Amway Survey Shows US Consumers Commonly Believe Supplements Have Premarket Approval

A recent survey for direct-selling giant Amway Corp. found that nearly half the respondents say its Nutrilite line and other dietary supplements are approved by the Food and Drug Administration before being made available to US consumers.

The results of Amway’s “Habits and Healthspan” survey conducted online in August by Ipsos also confirmed the estimate commonly made by the supplement industry and by regulators for the number of US consumers using vitamin, mineral and supplement products. The Ada, MI-based firm’s survey of 1,000 consumers ages 18 to 70, including 250 Spanish-speaking Hispanic persons, found that 77% said they take at least one supplement daily.

In its 11 November announcement, Amway said that “despite this widespread use, nearly half of respondents – 47% – mistakenly believe that the FDA approves these products before they are sold to the public.”

In a chart detailing respondents’ knowledge, Amway explains that “a key reason for this widespread misconception” is that vitamin, mineral and supplement products “are regulated differently than prescription medicines in the US” (see chart).

The chart adds that under regulations in the Food, Drug and Cosmetic Act, supplement manufacturers and marketers “are responsible for ensuring their products are safe and accurately labeled and that any claims made are truthful and can be substantiated.”

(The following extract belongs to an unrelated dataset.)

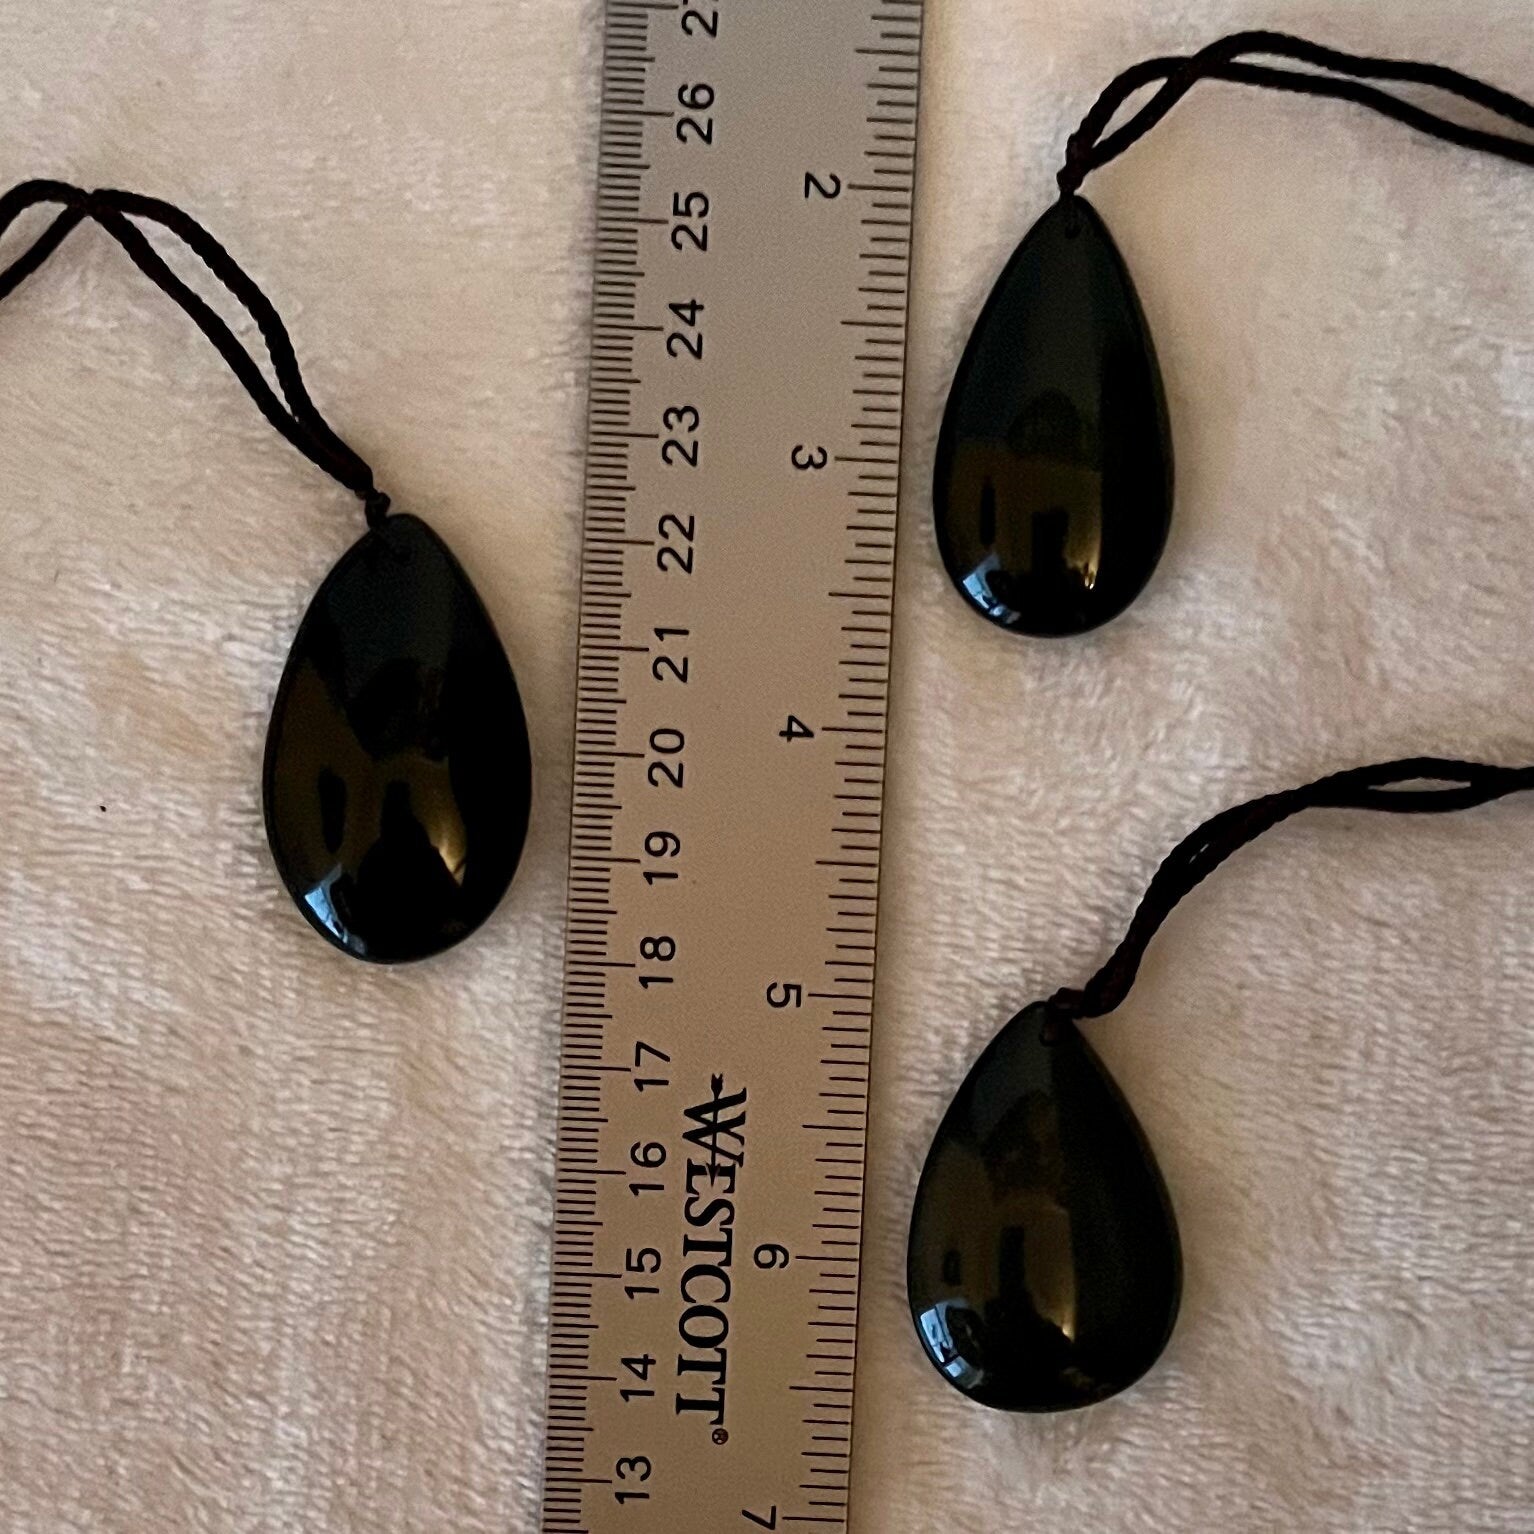 3 Iridescent rainbow obsidian tear drop pendant necklaces, showcasing a spectrum of captivating hues, gracefully hung from asjustable black cords and displayed next to a ruler to show size.  Pendants are approximately 1 1/4” long

While noting the FD&C Act, Amway’s chart doesn’t explain that supplements are regulated as food products with rules specifically for vitamin, mineral and supplement manufacturing, labeling and marketing established by the Dietary Supplement Health and Education Act passed in 1994.

In addition to imposing good manufacturing practices regulations, DSHEA established that dietary ingredients already available were deemed generally regarded as safe and could remain available and that ingredients introduced after its passage must be notified to the FDA, within 75 days of being offered for sale, with reasonable assurance of proof of GRAS for their intended uses.

The efficacy of the new dietary ingredient notification requirement is questioned by supplement industry stakeholders as well as the FDA and critics of the industry.

Authority to require registration of every vitamin, mineral and supplement product available in the US has been requested by FDA officials and has some support in Congress, although industry stakeholders have stated either limited or no agreement with the proposal.

However, stakeholders and the agency are quick to point out that manufacturers and marketers’ GMP regulations compliance has become generally strong and to refute assertions that supplement products are available without FDA regulation. Amway says its survey showed consumers increasingly are prioritizing sustainability as two out of three respondents said they were “more inclined to buy supplements that offer traceability in which products can be tracked from source to shelf.”

“Without FDA approval, consumers must rely on their own research to evaluate and identify trustworthy brands. The focus on a company’s traceability and sustainability practices has become a crucial factor in their purchasing decisions,” notes Will Templeton, Amway’s head of sustainability.

The Nutrilite line was launched in 1939 by Carl Rehnborg from his research on the link between nutrition and health and his development of a “balanced, plant-based vitamin, mineral and phytonutrient product,” according to Amway’s website. The firm, which launched in 1959, acquired the brand in 1959.

In addition to Nutrilite, Amway’s provides independent distributors with XS energy and sports nutrition products; Artistry, G&H, Glister and Satinique cosmetics; and Amway Home, Atmosphere, eCook and iSpring household care products.